◆ Exercise:
Please print the line that holds "Otro ángulo del bello Iguazú" and each line after it to the end of the data, word for word, without any pictures.

══ Raw data

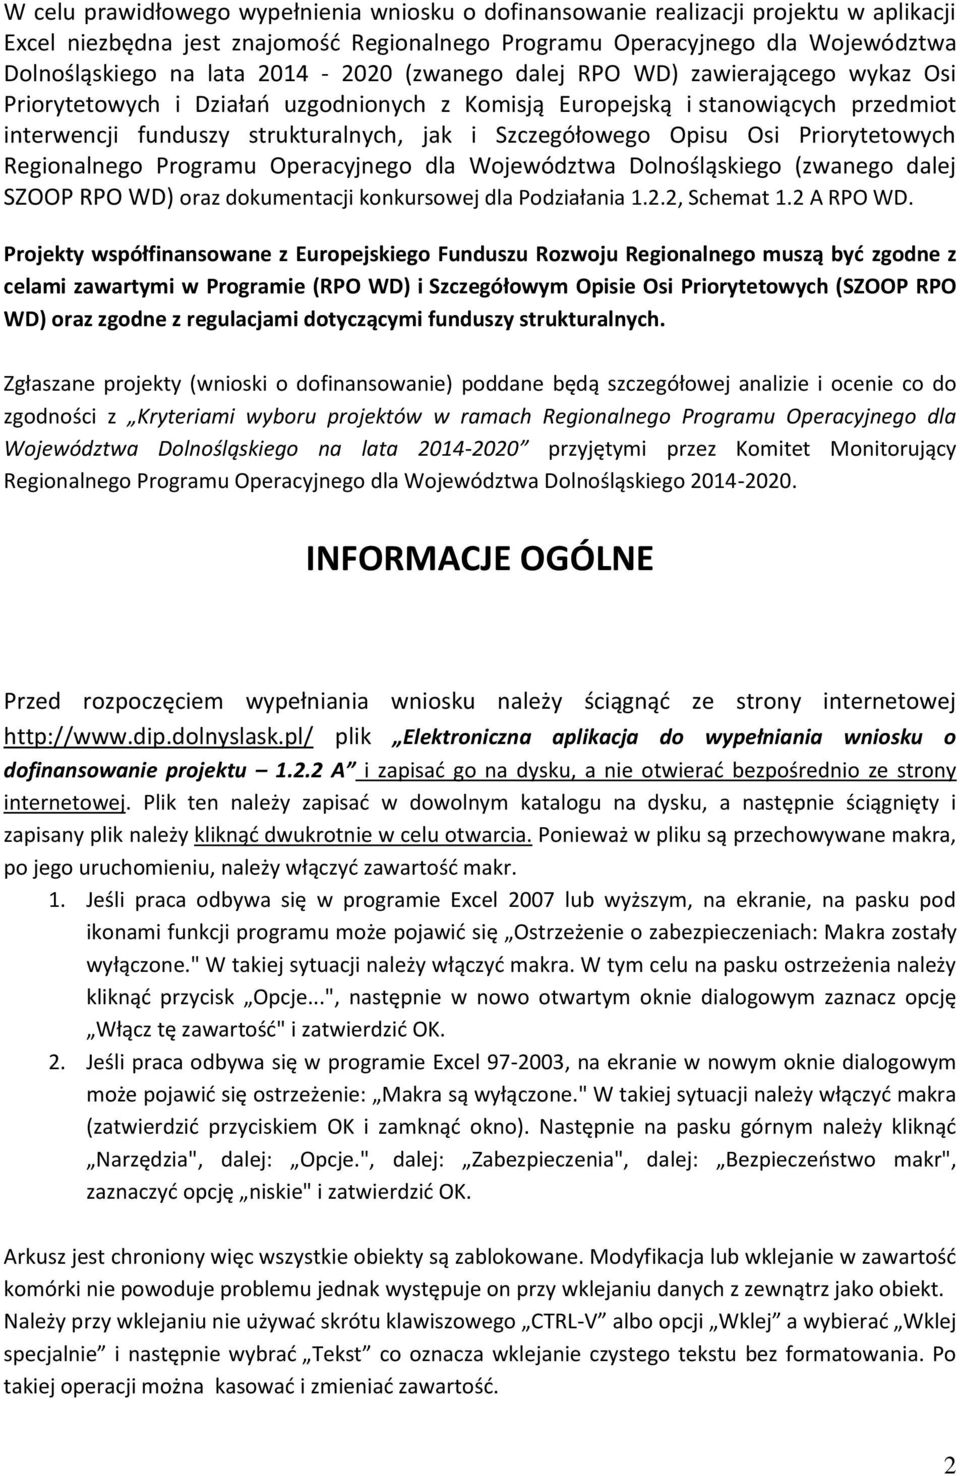 Opisu Osi Priorytetowych Regionalnego Programu Operacyjnego dla Województwa Dolnośląskiego (zwanego dalej SZOOP RPO WD) oraz dokumentacji konkursowej dla Podziałania 1.2.2, Schemat 1.2 A RPO WD.
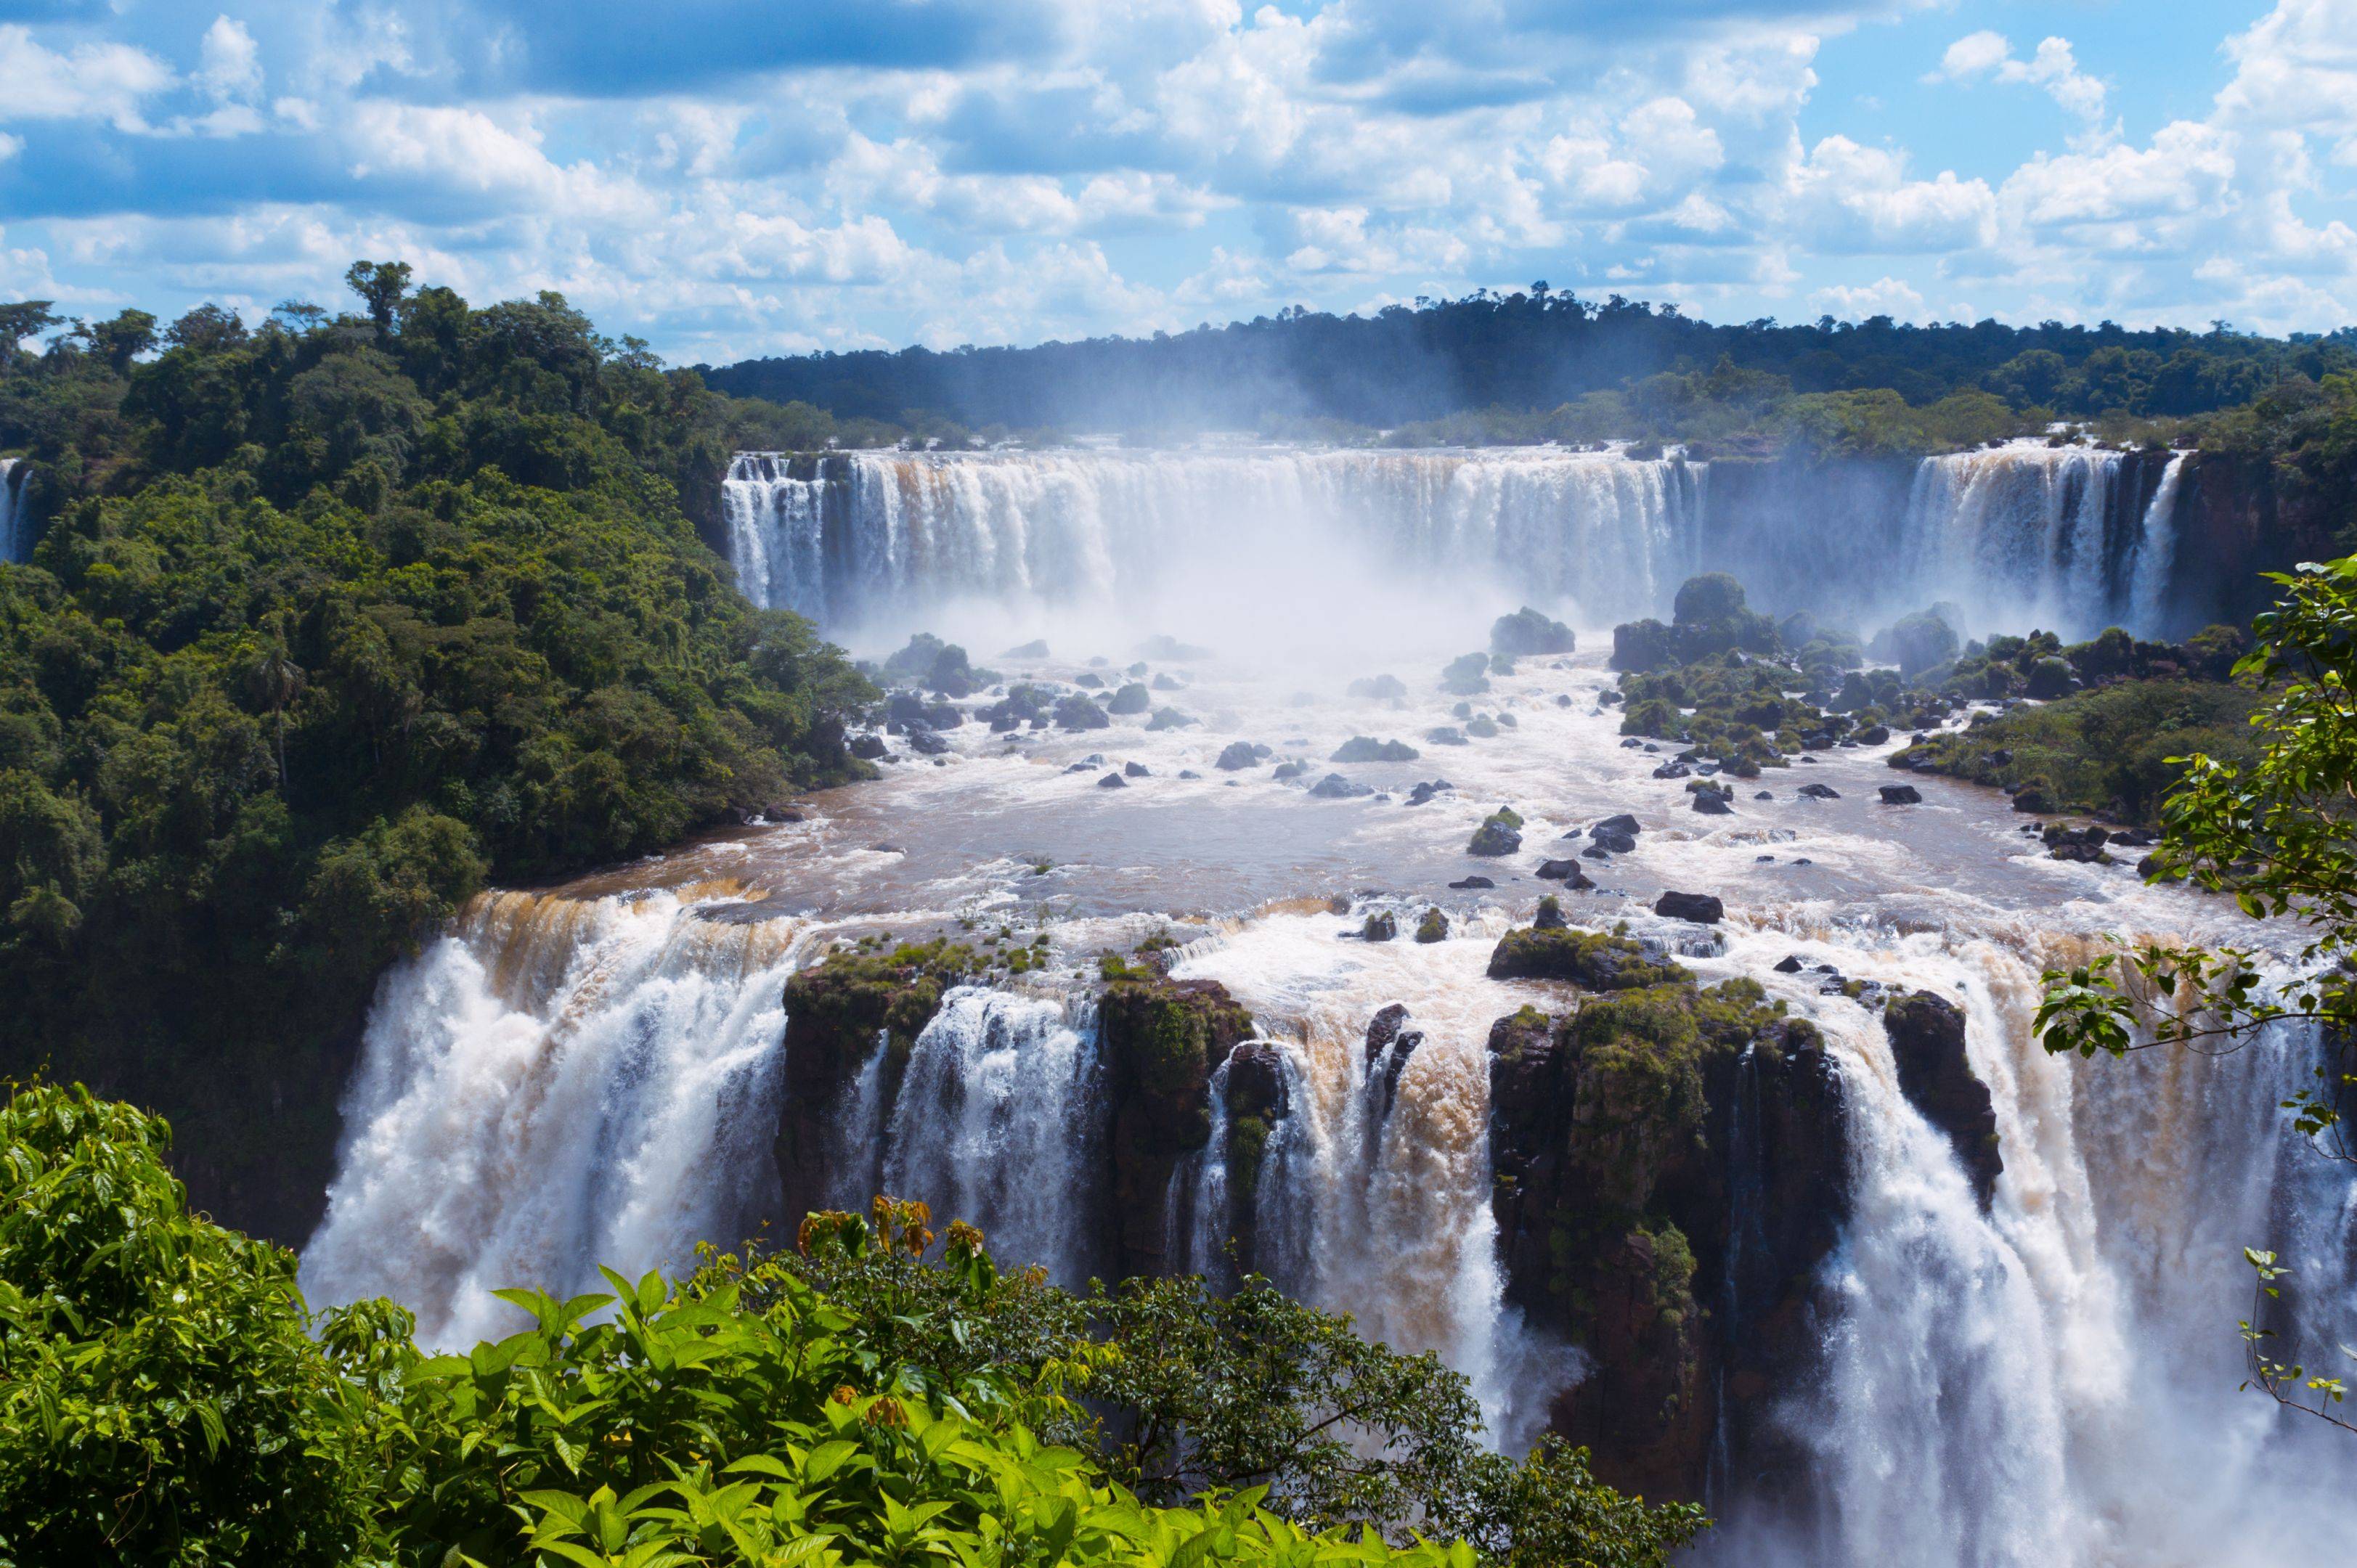 Otro ángulo del bello Iguazú
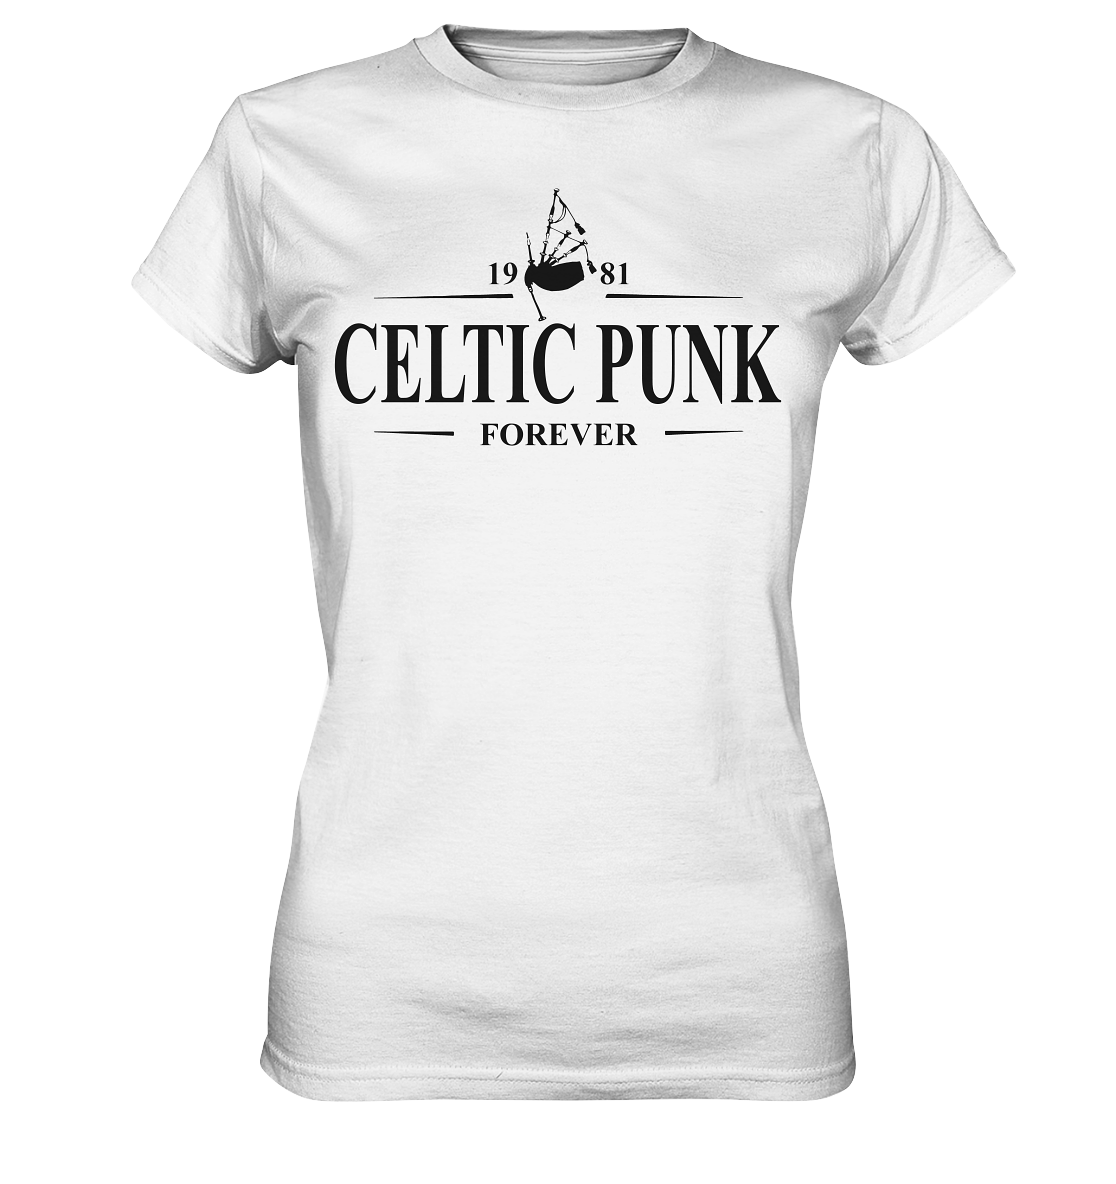 Celtic Punk "Forever" - Ladies Premium Shirt
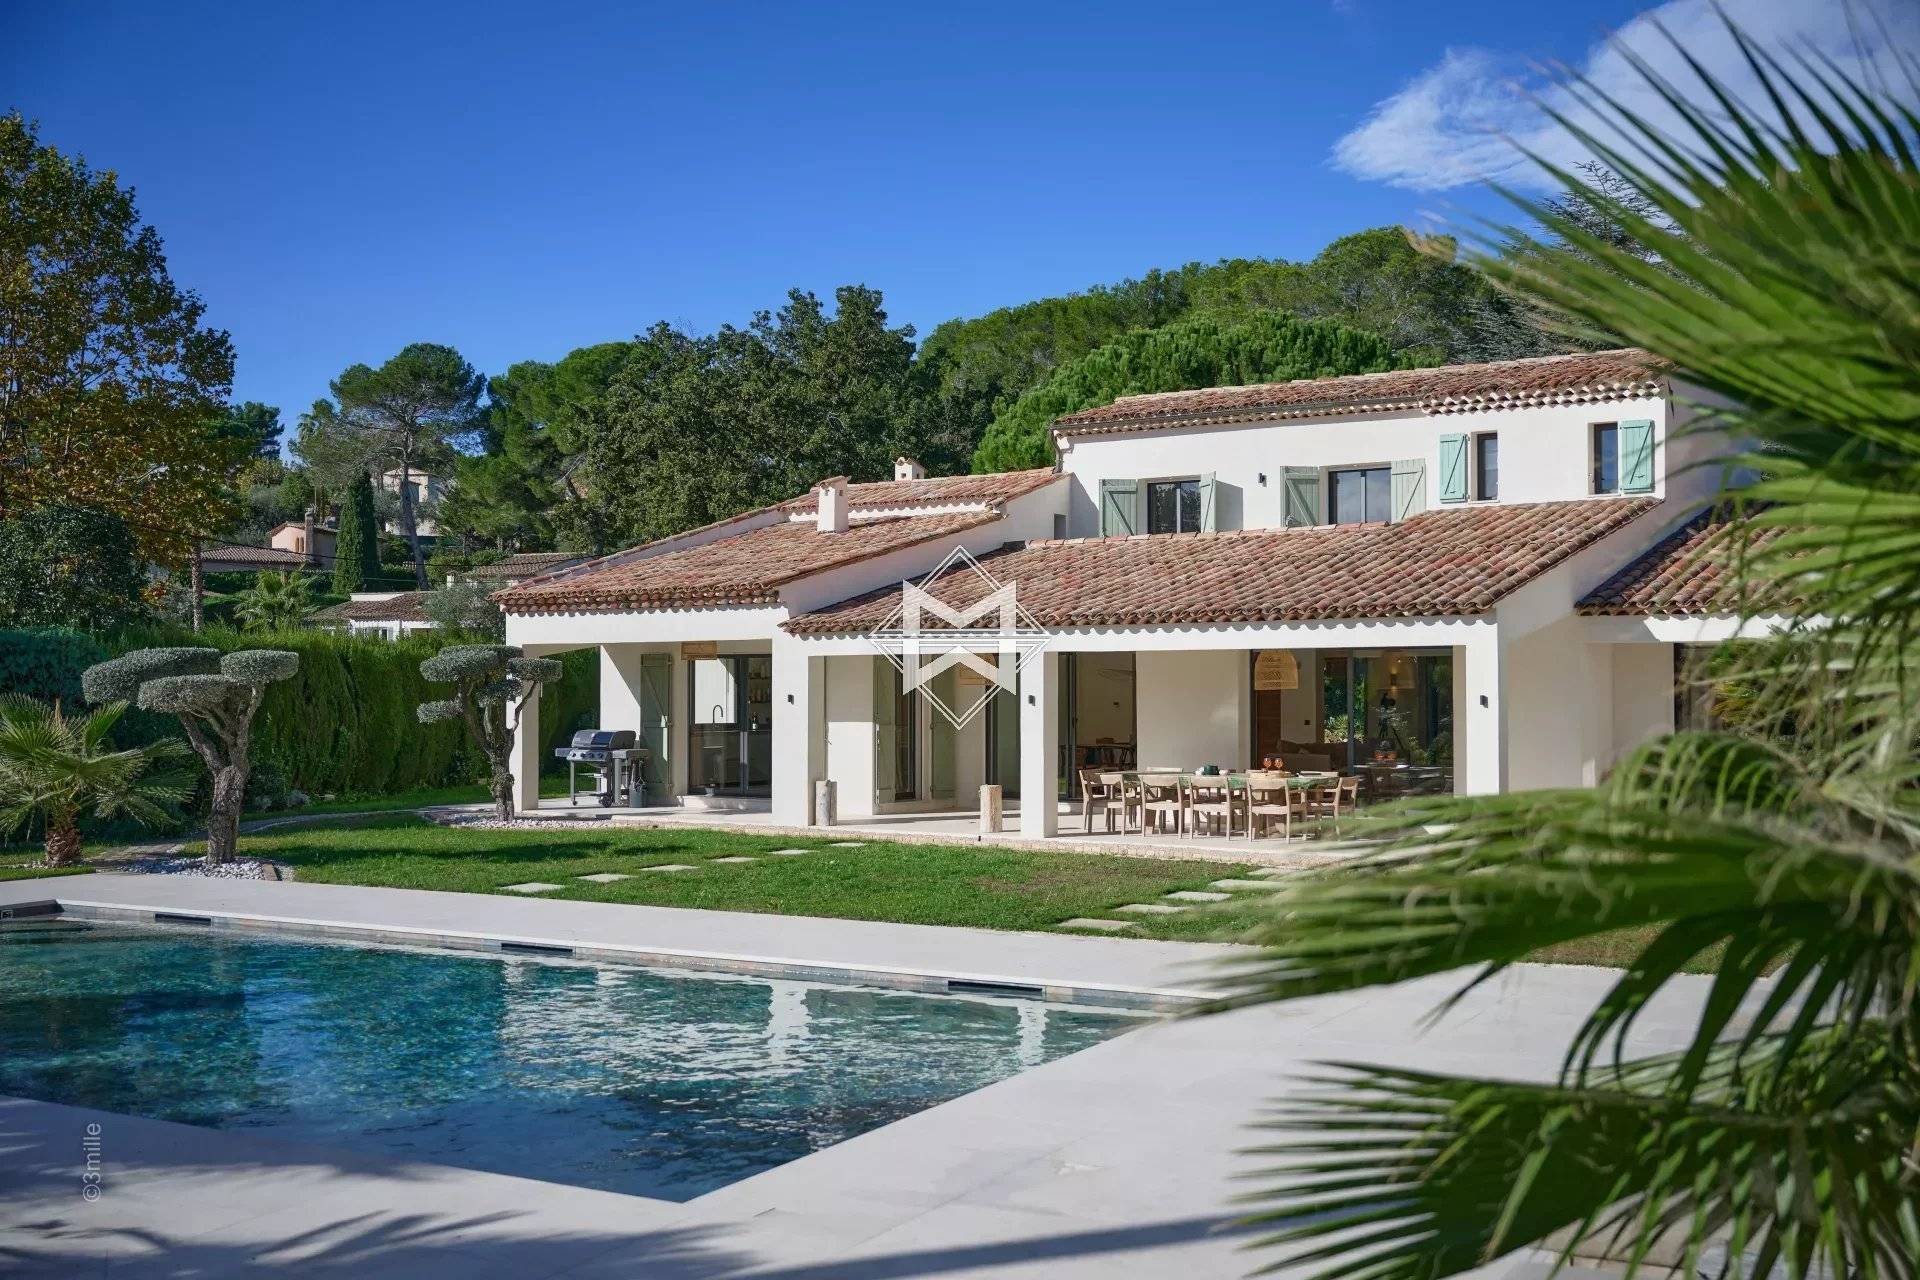 MOUGINS - Beautiful neo-Provençal villa

════

◆ Written solution:
 Otro ángulo del bello Iguazú
 Celtic Punk "Forever" - Ladies Premium Shirt
 MOUGINS - Beautiful neo-Provençal villa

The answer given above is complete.